En efecto, ¿qué es un héroe en nuestros días? La heroicidad es obviamente el resultado de una atribución: somos nosotros quienes nombramos héroe o decidimos quién merece la vitola de héroe. La mirada al pasado nos ofrece un contraste esclarecedor: el héroe del ayer, el héroe tradicional, no resiste el escrutinio de hoy en día. No me detendré en este punto para no repetir las consideraciones que hice no hace mucho en estas mismas páginas de Revista de LibrosEl pasado que supura.
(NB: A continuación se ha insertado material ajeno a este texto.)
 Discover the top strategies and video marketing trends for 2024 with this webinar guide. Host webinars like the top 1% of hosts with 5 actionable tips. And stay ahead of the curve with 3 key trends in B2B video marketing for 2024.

De héroes, mártires y monstruos»), al comentar el libro de Keith Lowe Prisioneros de la historia. Monumentos y Segunda Guerra Mundial (traducción de Victoria Eugenia Gordo del Rey, Galaxia Gutenberg, Barcelona, 2021). El lector de esta revista, por otro lado, recordará que también se ocupó del tema por las mismas o parecidas fechas desde una perspectiva complementaria mi compañero en estas lides Manuel Arias Maldonado: «Héroes y víctimas bajo la nueva luz de la vieja guerra». En su caso, eran otras dos interesantes obras las que le servían de referencia: Crítica de la víctima, del italiano Daniele Giglioli (traducción de Bernardo Moreno Castillo, Herder, Barcelona, 2017) y Héroes postheroicos, del sociólogo alemán Ulrich Bröckling (traducción de Ibon Zubiaur, Alianza, Madrid, 2021).
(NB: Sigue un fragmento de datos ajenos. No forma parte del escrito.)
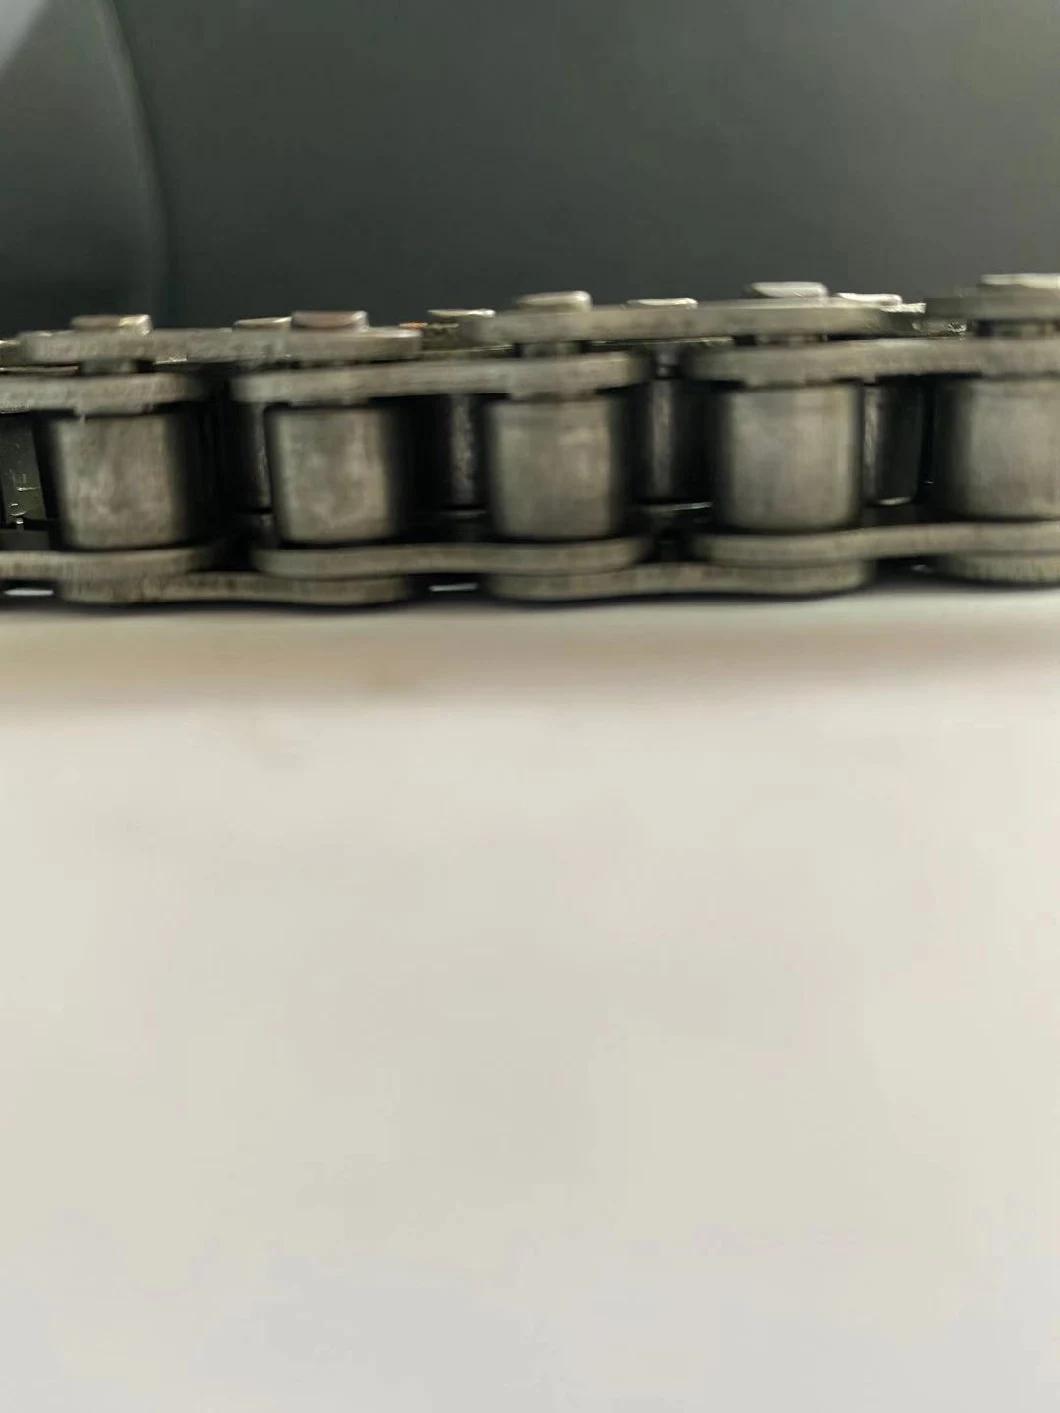 Stainless Steel Chain Roller Motor Motorcycle Chain

Para ser escueto y dirigirme pronto hacia mi objetivo, diré de forma casi telegráfica que, del conjunto de libros citados, se pueden sacar tres o cuatro ideas fundamentales que operan como directrices inevitables para quien se quiera ocupar del tema: vivimos una época que no solo no comparte los valores tradicionales de la heroicidad sino que se complace en deconstruir al héroe, no solo discutiéndole su condición de tal, sino convirtiéndolo en su opuesto, hasta llegar incluso a su encuadramiento como monstruo, es decir, lo más opuesto que darse pueda (Lowe). El papel del héroe queda así vacante y quien se postula para ocupar el pedestal es paradójicamente la víctima, que pretende ser el nuevo héroe, «el héroe de nuestro tiempo» (Giglioli). Otra posibilidad nos la ofrece el proceso de democratización, que socava la concepción elitista del héroe, le despoja de su aura providencial y le convierte en figura cotidiana: en este sentido, lejos del proverbial carisma, héroe puede ser cualquiera si las circunstancias lo propician, desde el bombero que salva vidas desafiando las llamas al voluntario que actúa en una emergencia, pasando por el médico o el enfermero que ponen en riesgo su propia vida en medio de una pandemia (Bröckling). 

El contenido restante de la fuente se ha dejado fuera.